About 90–95% of all reported ALS cases are sporadic, without any known family history and identifiable risk factors, whereas familial ALS accounts for about 10% of all cases. Therefore, understanding the genes involved in ALS is critical for the development of therapeutic drugs. However, given the predominant sporadic occurrence and rarity of this disease, gene mapping and identification of causative genes have been challenging. As a result, patients with variable clinical subtypes are often pooled in the same study group leading to significant statistical differences.

Whilst multiple drugs have been tested in phase 2 or 3 clinical trials, none of these drugs have emerged as an effective therapeutic agent. Issues with trial designs have also hindered the development of an effective drug, mostly due to inappropriate trial rationale (from misleading positive results reported in mice), pharmacological issues, short study duration and variability of disease presentation in the patient population.

To address these challenges, reliable progression biomarkers can make it possible to conduct shorter trials on a smaller number of patients, thereby opening up the prospect of more diversified trials. Despite intensive research spanning the past 20 years, there are currently no practical diagnostic biomarkers for ALS, which often leads to diagnostic delays before the appropriate treatment is administered.

KB: NeuroSense is conducting biomarker studies for ALS, how do you identify the biomarkers of interest? How do biomarker studies help progress understanding of neurodegenerative diseases?

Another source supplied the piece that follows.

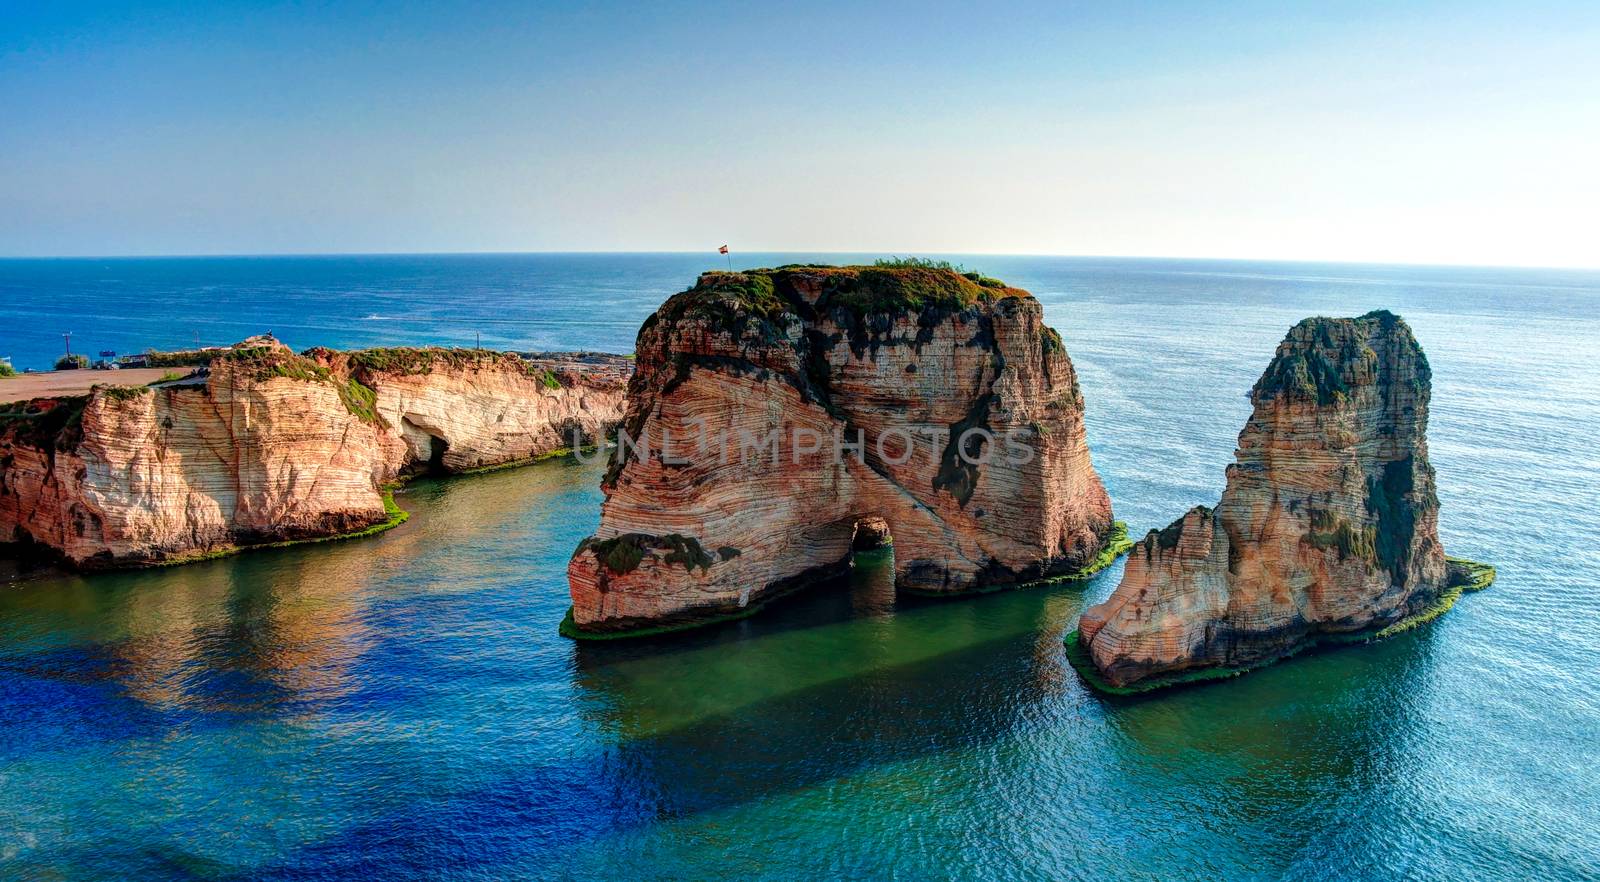 View Raouche or Pigeon Rock, Beirut Lebanon by homocosmicos

ABN: Our mission is to develop combined therapies for complex diseases, synergistically targeting multiple mechanisms, whilst utilizing regulatory pathways to bring these drugs to market within short timelines.

Biomarkers are measurable substances that change in quantity or can appear or disappear with the presence of a disease, such as chemical changes in the blood, urine or cerebral spinal fluid. We are currently conducting a collaborative biomarker study with Massachusetts General Hospital (MGH) following two prior successful studies conducted with the novel neuron-derived exosomes platform, also completed in collaboration with MGH. The initial study identified ALS biomarkers that are indicative of the mechanism of action for PrimeC in blood samples obtained from healthy people and people living with ALS. The second study analyzed blood samples from patients treated with PrimeC in NeuroSense's NST002 trial and examined the longitudinal effect of PrimeC administration on those identified biomarkers. Following 12 months of treatment with PrimeC, we observed statistically significant changes in key ALS-related biomarkers such as TDP-43, neuroinflammation and lysosomal trafficking. Moreover, there was a correlation between clinically meaningful outcomes and changes in these biomarkers.

Our current study aims to provide further insight into these biomarkers and their correlation to the progression of ALS symptoms, by evaluating the same biomarkers longitudinally in patients who have not been treated with PrimeC. This enhanced understanding of the underlying mechanism of action for PrimeC, and its impact on disease progression, will support the use of PrimeC as a drug for treating ALS and will assist NeuroSense in optimizing the clinical trials that are planned for FDA approval and commercialization.

We know that biomarkers play an increasingly important role in the understanding of ALS disease progression and the mode of action of PrimeC. Therefore, the data generated from these studies will provide additional insights and will also shape the design and outcome measures of upcoming clinical trials.

Alon Ben-Noon was speaking to Katie Brighton, Scientific Copywriter for Technology Networks.